End The resulting binder may include forming a high temperature bonded abrasive article embodiments of the present application suitable alumina (Al ₂ O ₃₎ in any amount of. For example, the total content of alumina in the glassy binder may be greater than about 15 mol%, such as greater than about 15.5 mol%, greater than about 16 mol%, greater than about 16.5 mol%, or even greater than about 17 mol%. Any abrasive article may comprise alumina in the glassy binder in a total amount of from about 15 mol% to about 25 mol%, for example from about 15.5 mol% to about 22 mol%, and from about 16 mol% to about 20 mol%.

In particular, the vitreous binder may comprise alumina in certain proportions relative to other chemical species in the binder, such as, but not limited to, silica. The glassy binder may have a ratio of total alumina content [C _Al2O3 ] (mol%) to total silica content [C _SiO2 ] (mol%) wherein the ratio of [C _Al2O3 ] / [C _SiO2 ] to be. In other optional embodiments, the ratio [ _CAl2O3 ] / [ _Csio2 ] may be at least about 0.3, such as at least about 0.35, at least about 0.4, at least about 0.5, or even at least about 0.6. In a specific example, the ratio [ _CAl2O3 ] / [ _Csio2 ] is in the range of about 0.2 to about 1, such as about 0.3 to about 0.9, about 0.4 to about 0.8, about 0.3 to about 0.7, and even about 0.3 To about 0.6.

In addition, the vitreous binders may contain an amount of alumina and boron oxide in a specific ratio. For example, the glassy binder has a ratio (expressed as [C _Al2O3 ] / [C _B2O3 ]) between the total alumina content [C _Al2O3 ] (mol%) and the total boron oxide content [C _B2O3 ] To about 2 < / RTI > In another example, the ratio [ _CAl2O3 ] / [ _CBSO3 ] is in the range of from about 0.5 to about 2, such as from about 0.5 to about 1.5, such as from about 0.8 to about 1.5, from about 0.8 to about 1.3, and Even from about 0.9 to about 1.2.

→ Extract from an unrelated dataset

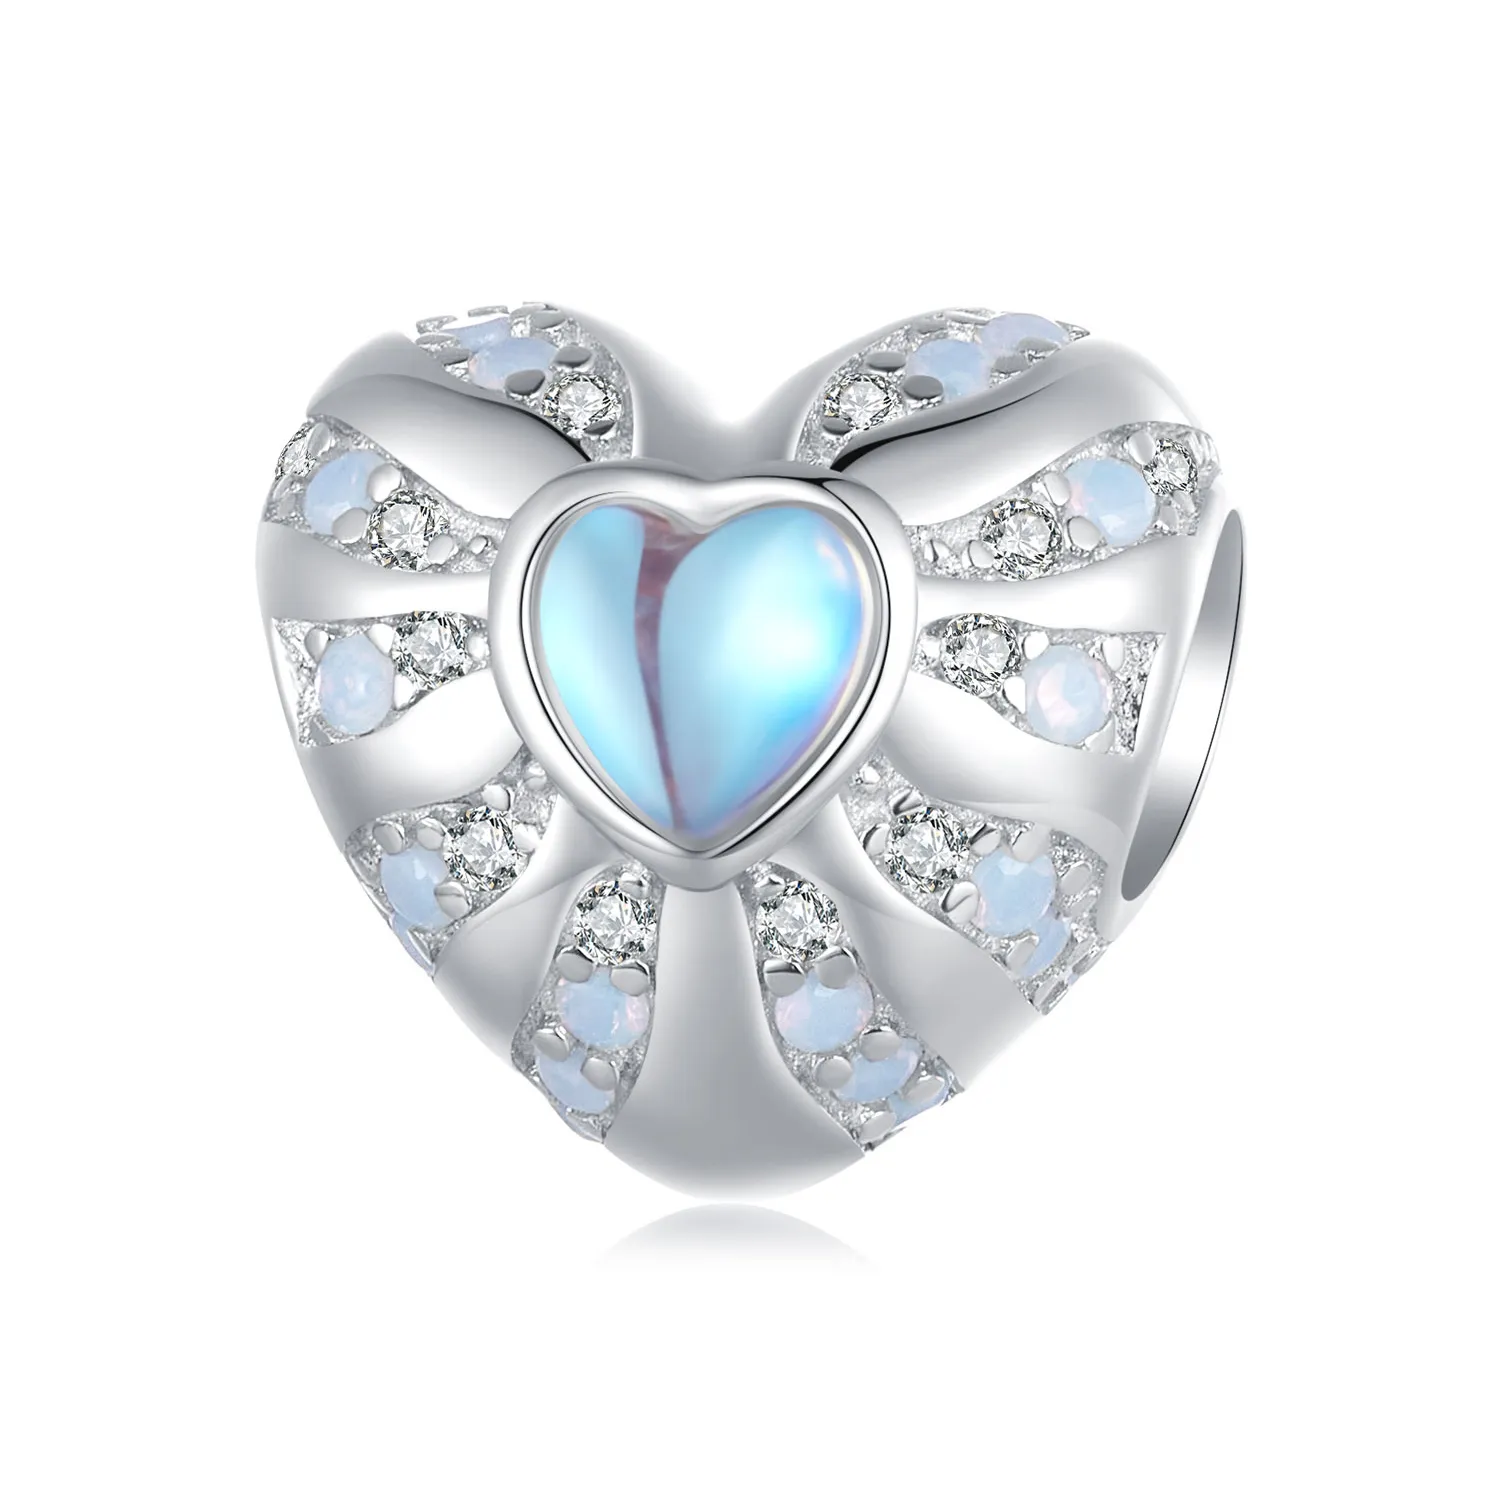 Pandora Stil Inimă de Iluzie Charm - BSC918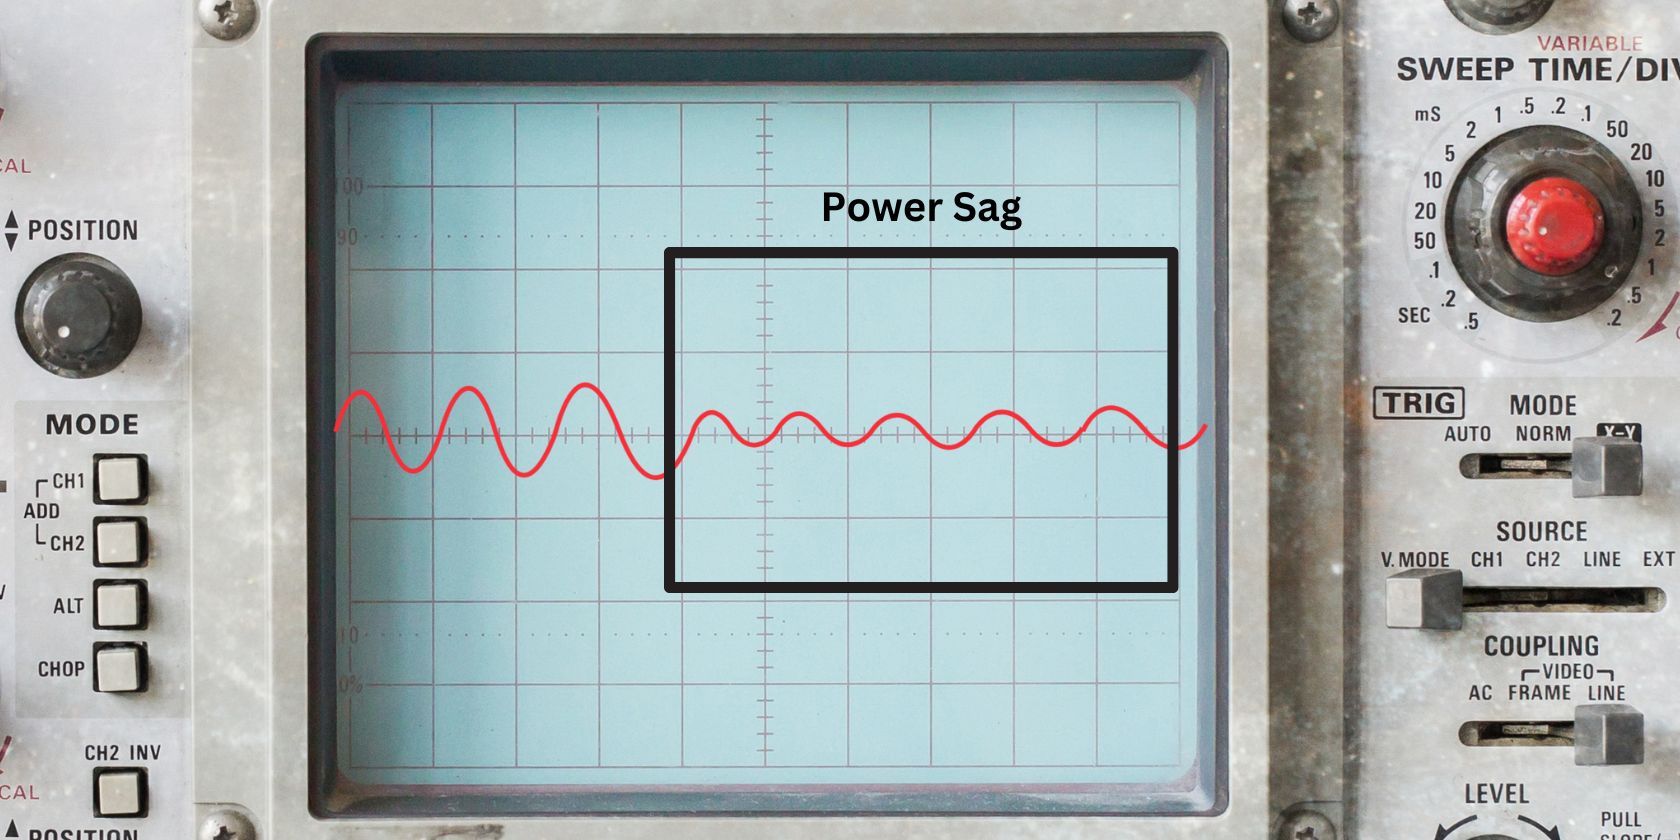 Power sag signal

According to any of the embodiments herein, the glassy binder of the abrasive article can be produced with a particular composition that reduces the dissolution of the abrasive particles in the production process. In particular, the vitreous binder may be produced with a powdered binder comprising alumina in an amount sufficient to reduce the dissolution of the abrasive particles into the binder. The degree of dissolution can be measured by a change in total alumina content [? Al ₂ O ₃ ] between the alumina content [PBM _{Al 2} O ₃ ] in the powder binder and the total alumina content [VBM _{Al 2} O ₃ ] in the glassy binder. Any abrasive articles according to embodiments of the present application example, there is the variation of the total alumina content be up to about 15.0mol%, the amount of change [ΔAl ₂ O _3] is the equation _{[ΔAl 2 O 3] = (} [VBM Al2O3 - PBM Al2O3] / [PBM _{Al 2 O 3} ]). In other embodiments, the amount of change in total alumina content can be small, such as less than about 12.0 mol%, less than about 10.0 mol%, less than about 8.0 mol%, less than about 6.0 mol%, less than about 5.0 mol% 3.0 mol% or less, or even about 1.0 mol% or less. According to one or more embodiments, the amount of change in total alumina content is in the range of about 0.01 mol% to about 15.0 mol%, for example, about 0.5 mol% to about 12 mol%, about 1.0 mol% to about 12 mol% mol% to about 10 mol%, and even from about 1.0 mol% to about 8.0 mol%.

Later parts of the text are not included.